## REQUIRED ACTION
Using only the entries below, output the lines starting at the one containing "21968bfc9f8 ZARAキッズベビー春夏服が可愛い!通販サイトが便利でお得!返品送料も ..." and ending at the one containing "International Snow Sculpture", exactly and inclusive of both, omitting the pictures.

===== PROVIDED DATA =====

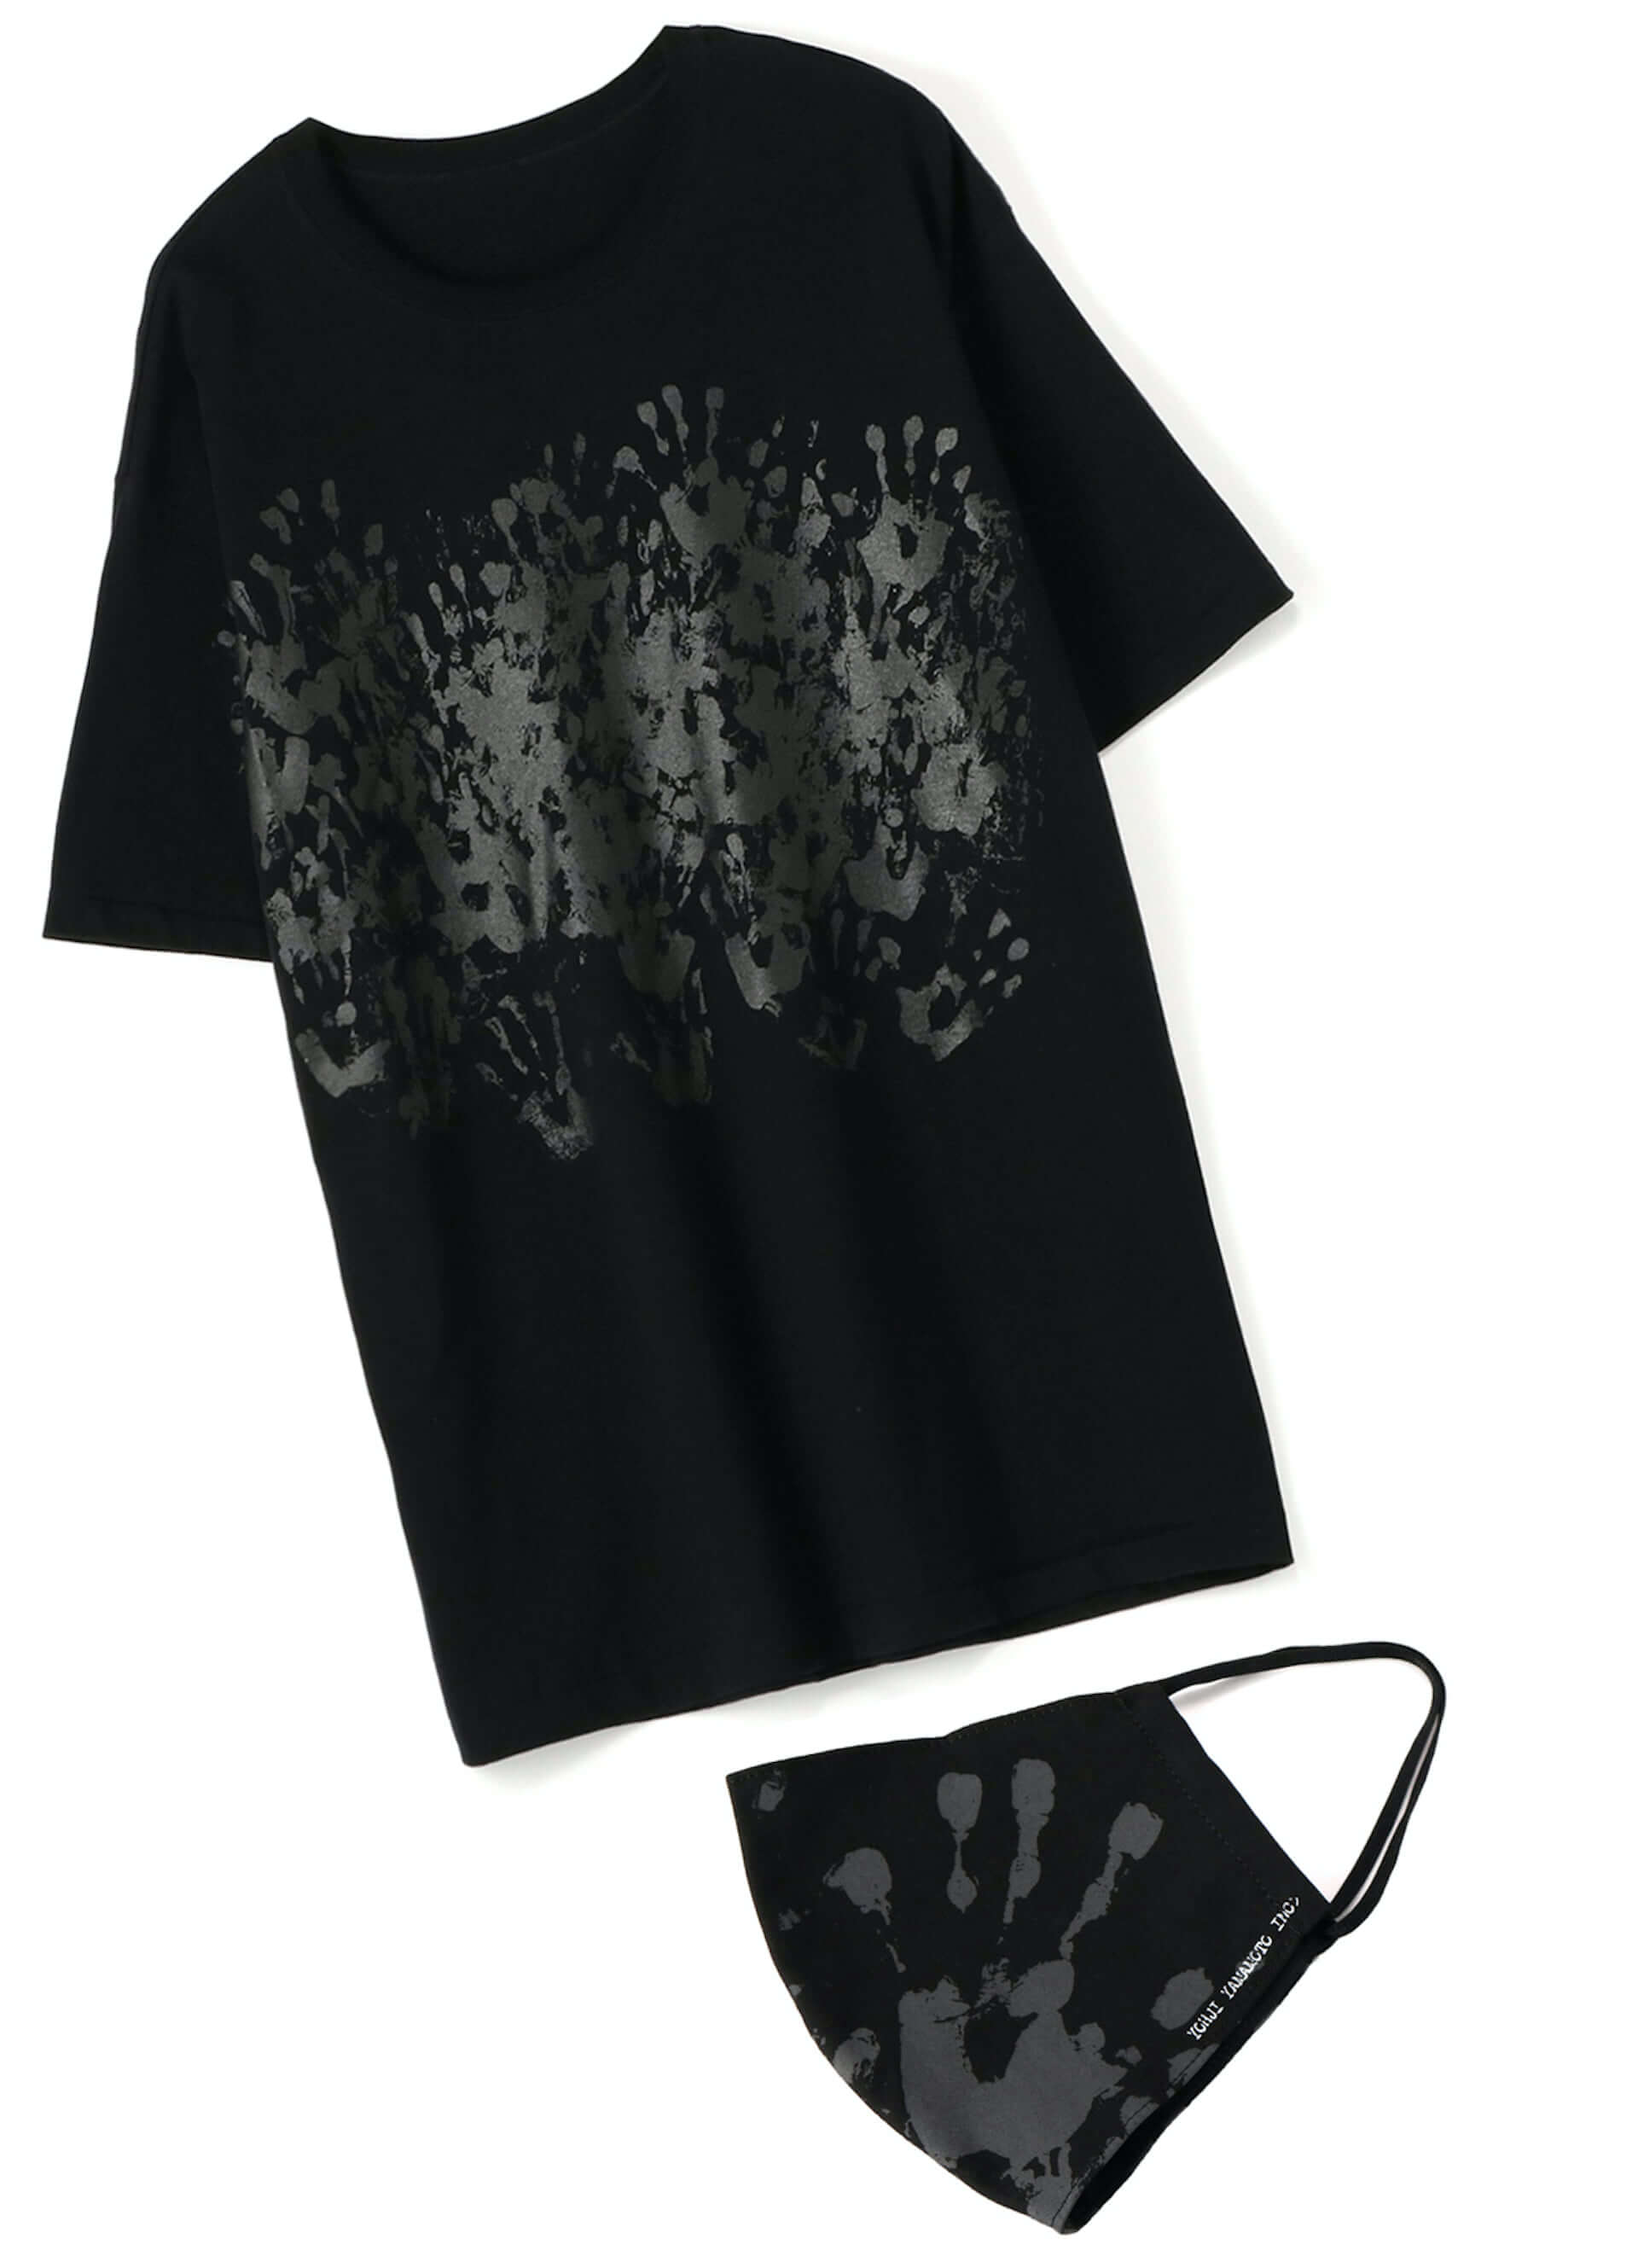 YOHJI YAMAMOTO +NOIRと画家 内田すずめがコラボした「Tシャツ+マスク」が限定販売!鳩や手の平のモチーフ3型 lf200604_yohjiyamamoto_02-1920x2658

=====
===== PROVIDED DATA =====

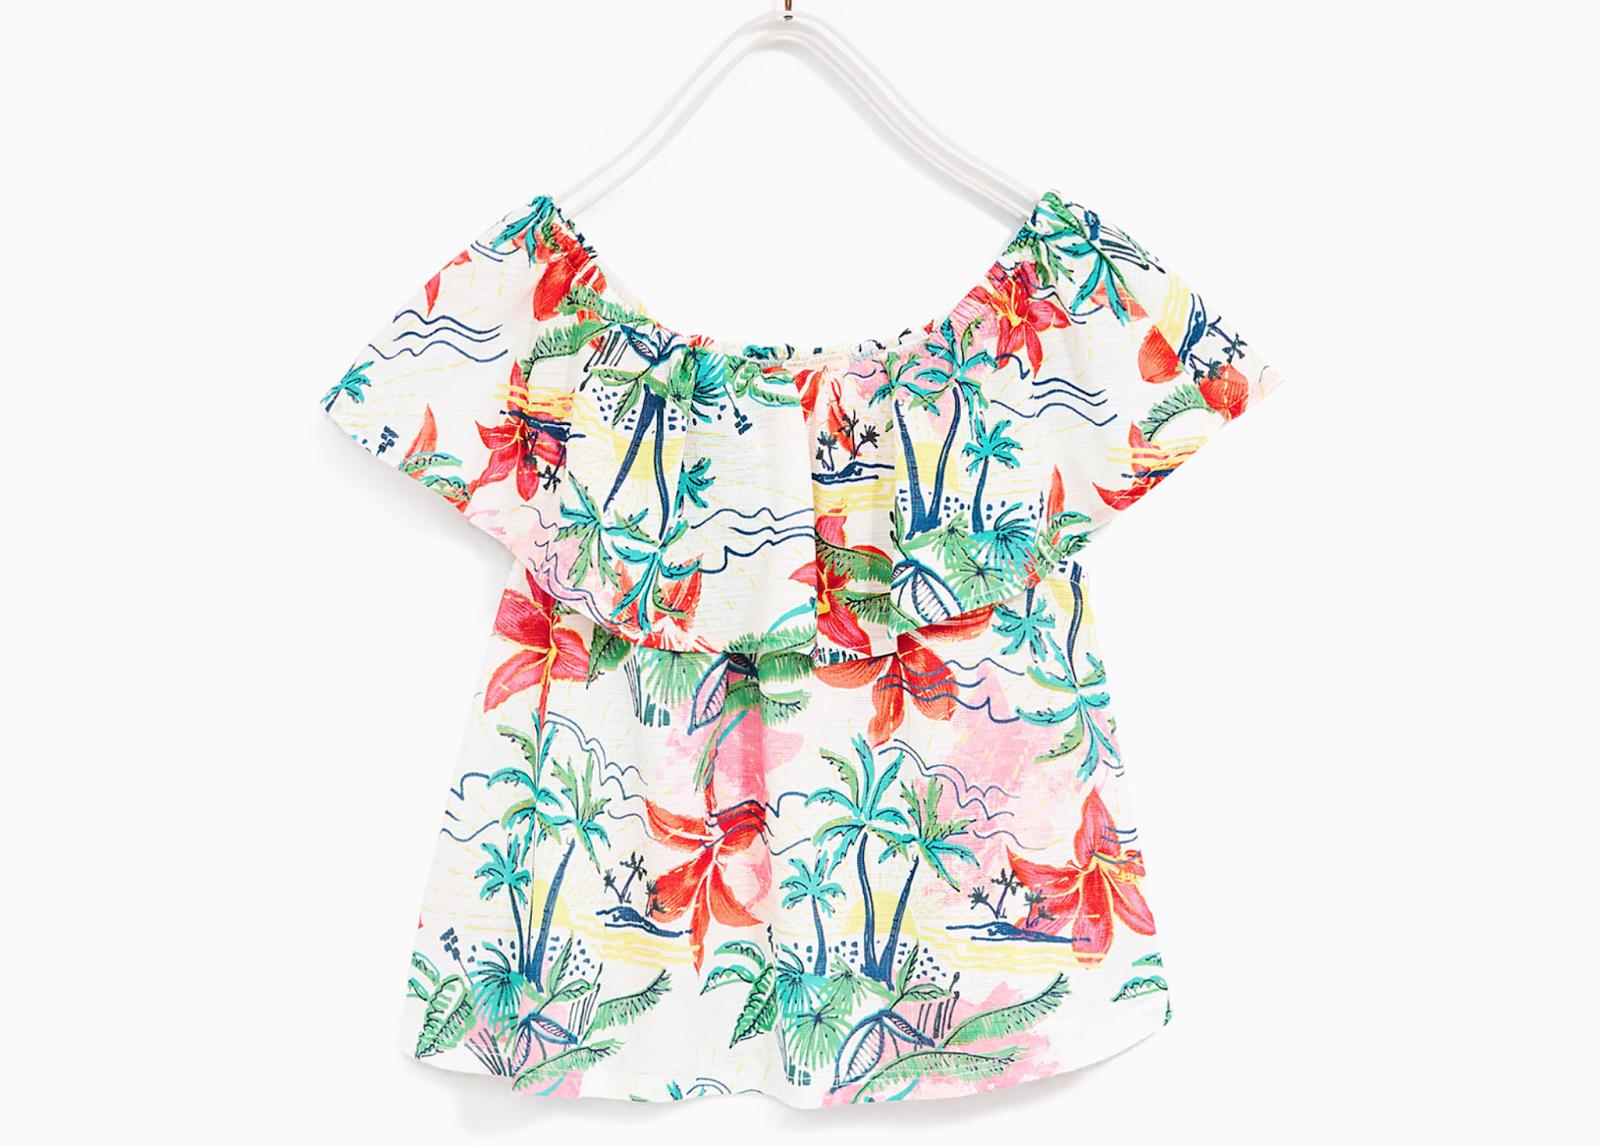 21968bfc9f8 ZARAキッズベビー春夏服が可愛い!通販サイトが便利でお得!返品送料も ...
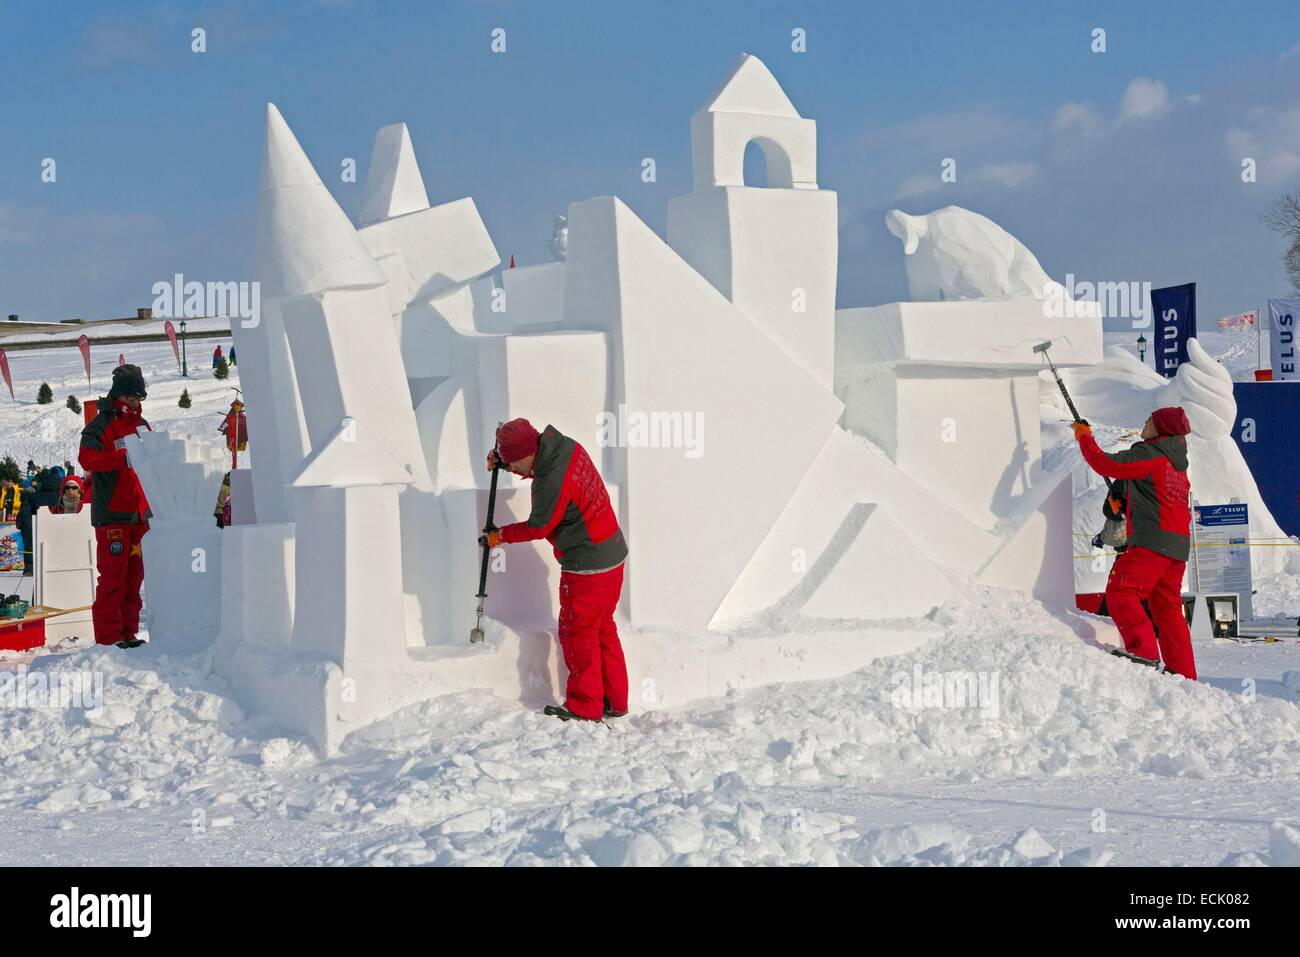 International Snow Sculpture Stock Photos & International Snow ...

=====

## ANSWER FOR THIS EXERCISE
 21968bfc9f8 ZARAキッズベビー春夏服が可愛い!通販サイトが便利でお得!返品送料も ...
 International Snow Sculpture Stock Photos & International Snow ...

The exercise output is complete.